The principle across all three examples is the same: be specific, factual, and honest. Provide dates, names, and documentation wherever possible. Avoid minimising the issue or using language that could be interpreted as evasive.

Common mistakes sellers make with damp disclosure

Based on common conveyancing enquiries and TA6 mistakes that solicitors regularly encounter, these are the errors to avoid:

  1. Answering "No" when you know about damp. This is the most serious mistake. If you are aware of any damp \u2014 past or present \u2014 you must disclose it. A false "No" is a misrepresentation.
  2. Confusing "Not known" with "No." These are different answers with different legal implications. "No" means you are positively stating there is no damp. "Not known" means you have no knowledge either way. Use the correct one.
  3. Failing to mention treatment you carried out. If you had damp treated, the treatment itself needs to be disclosed, not just the original problem. The treatment is evidence that damp existed, and the guarantee is a valuable piece of documentation for the buyer.
  4. Not providing supporting documents. Answering "Yes, rising damp was treated" without attaching the survey report, treatment certificate, and guarantee will prompt the buyer's solicitor to raise additional enquiries for each missing document.
  5. Painting over damp to hide it. Cosmetically concealing damp before viewings and then answering "No" on the TA6 is both dishonest and easily discovered. The buyer's surveyor will use a moisture meter, and elevated readings behind fresh paint are an immediate red flag.
  6. Assuming condensation does not count as damp. Condensation is damp. The TA6 does not distinguish between types of damp in its question. If you have persistent condensation, mould, or moisture-related issues, they need to be disclosed.
  7. Leaving the section blank. An unanswered question is worse than "Not known." It signals either evasion or carelessness, and the buyer's solicitor will raise an enquiry to obtain an answer regardless.

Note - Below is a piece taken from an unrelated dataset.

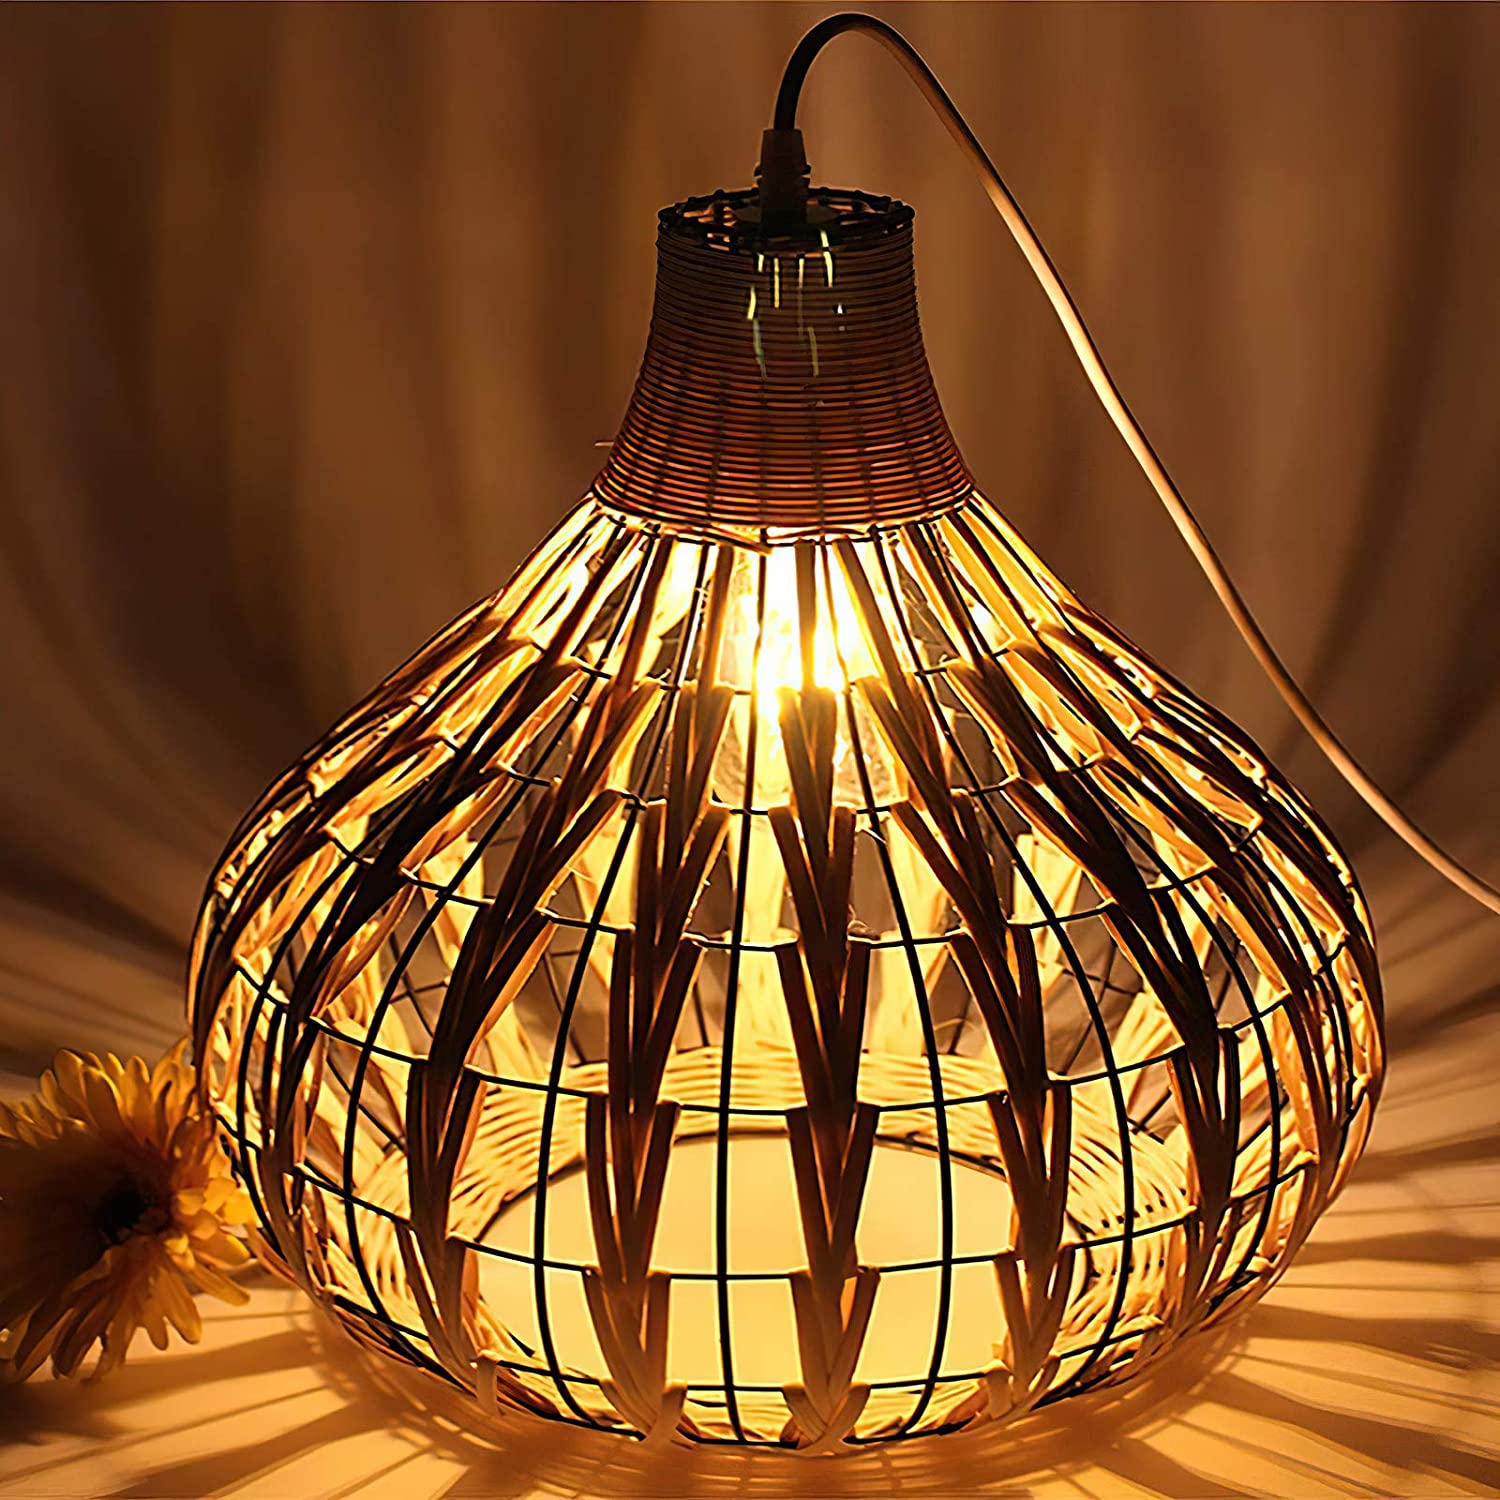 Handmade-Natural-Rattan-Lamp-Shade-2 10 Unique & Wonderful Lampshade Ideas

Your legal obligations when disclosing damp

As a seller in England or Wales, your primary legal obligation is to answer the TA6 honestly. The law does not require you to commission surveys or investigations to discover problems you did not know about. However, you must not:

  • Deliberately conceal damp you are aware of.
  • Provide false information about the presence, extent, or treatment of damp.
  • Minimise or downplay damp issues in a way that gives the buyer a misleading impression.

Under the Misrepresentation Act 1967, a buyer who relies on your false or misleading TA6 answers and suffers a loss as a result can claim damages. The seller's duty of disclosure is not unlimited \u2014 you are not expected to know things you could not reasonably know \u2014 but it does require you to be truthful about what you do know.

The Consumer Protection from Unfair Trading Regulations 2008 (CPRs) add a further layer. While CPRs primarily target estate agents, they reinforce the principle that material information about a property \u2014 including damp \u2014 must not be concealed or omitted. Your estate agent is also under an obligation not to mislead buyers, so any damp information you provide on the TA6 should be consistent with what your agent communicates.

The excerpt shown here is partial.